Scott Davies
CEO, Institute of Travel Management
Every spring, the UK and Ireland business travel community gathers at the ITM Conference, this year held at Celtic Manor, with the theme ‘Inspire.’
Various key talking points were explored and debated, including two critical questions that appear to be on the minds of industry leaders. Firstly, is our industry broken? Second, are our travel management companies (TMCs) fit for the future?
Travel industry monetisation shift
The first question speaks to the money flows within the travel ecosystem, which have sustained it this far, but which have changed significantly in the last decade. Commissions paid by suppliers have long been confined to history. Yet, kickbacks, fees and other mechanisms which remunerate TMCs largely replaced them. These instruments have, for the last 25 years, been augmented as a revenue source by fee structures that TMCs charge their corporate clients directly.
However, advancements in technology — along with suppliers’ (especially airlines’) desire to differentiate themselves, sell directly to corporate travellers and upsell ancillary products — have eroded the value of the services they’re willing to pay TMCs for.
AI will play a major role in finessing
and optimising process efficiency
and customer experience.
Evolving travel management firms
At the conference, we aimed to level set the industry’s understanding of these shifting dynamics, to facilitate debate over whether innovation and progress are being hindered by legacy money flows that are tricky to wean off.

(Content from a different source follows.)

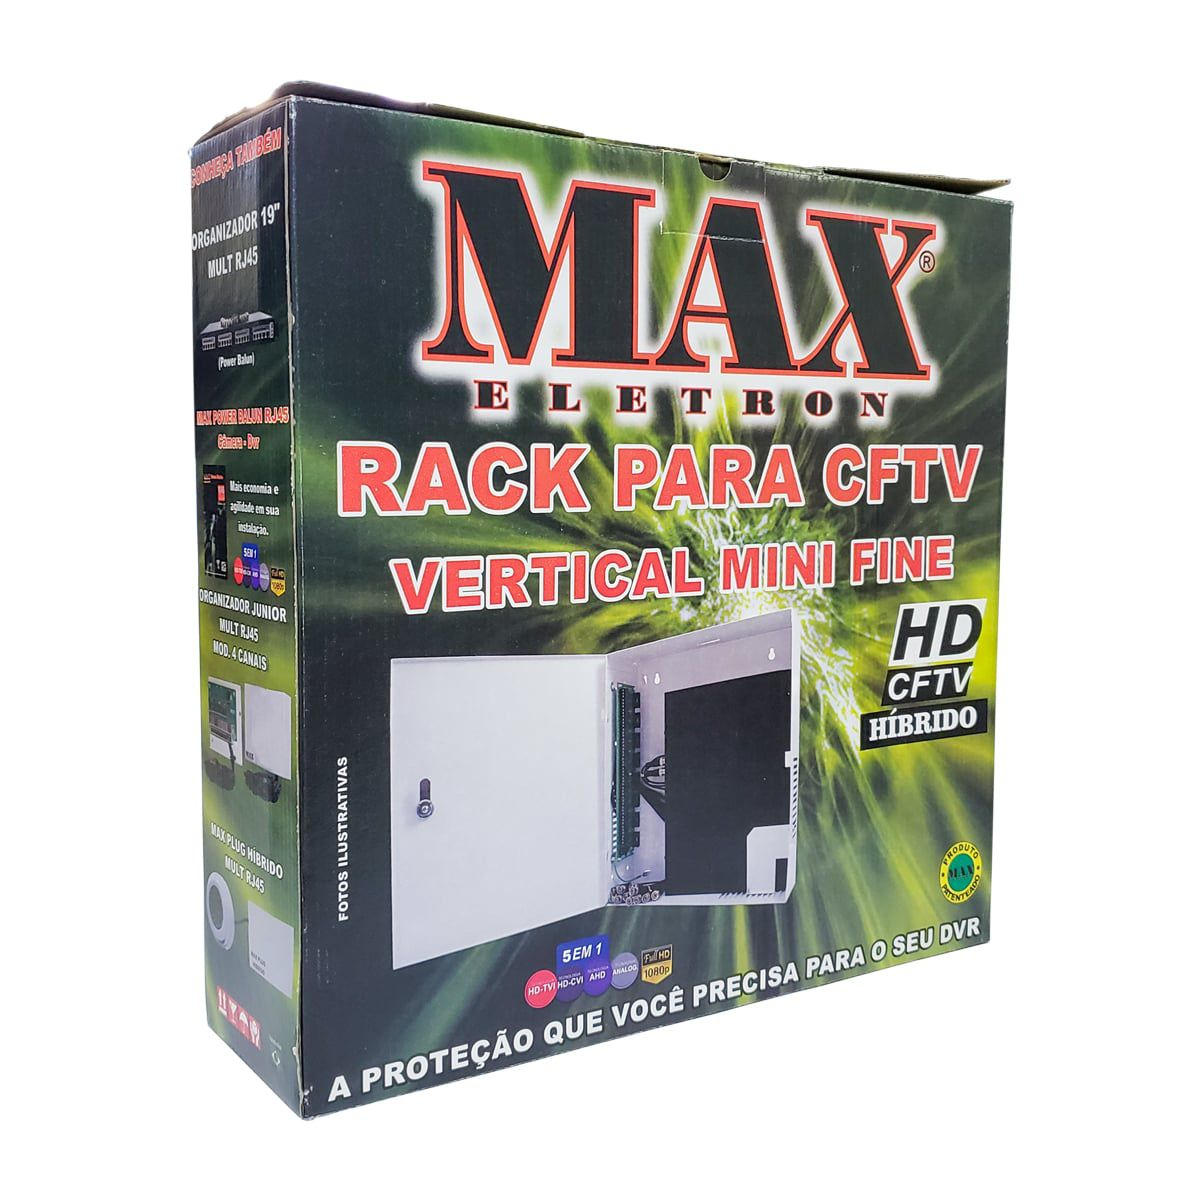 Rack Vertical Fine c/ Placa Eletrônica 8 Canais Max Eletron  - CFTV Clube | Brasil

I believe that good travel management companies are the great chameleons of our industry, dynamically adapting and shape-shifting to aggregate, simplify and solve the challenges and opportunities that come their way. So many TMCs will continue to have a key role to play going forward.
AI can reshape corporate travel
The reality is that most corporate travel programmes do not have the resources and capacity to evaluate and implement new technologies and distribution methods themselves. They need a strategic partner that can be their filter, pivot and champion to harness and deploy such tools.
It is clear that AI will play a major role in finessing and optimising process efficiency and customer experience. ITM members were generally of the view that, if we continue to embrace new technologies and let go of some ageing commercial constructs, our industry is not in fact broken at all.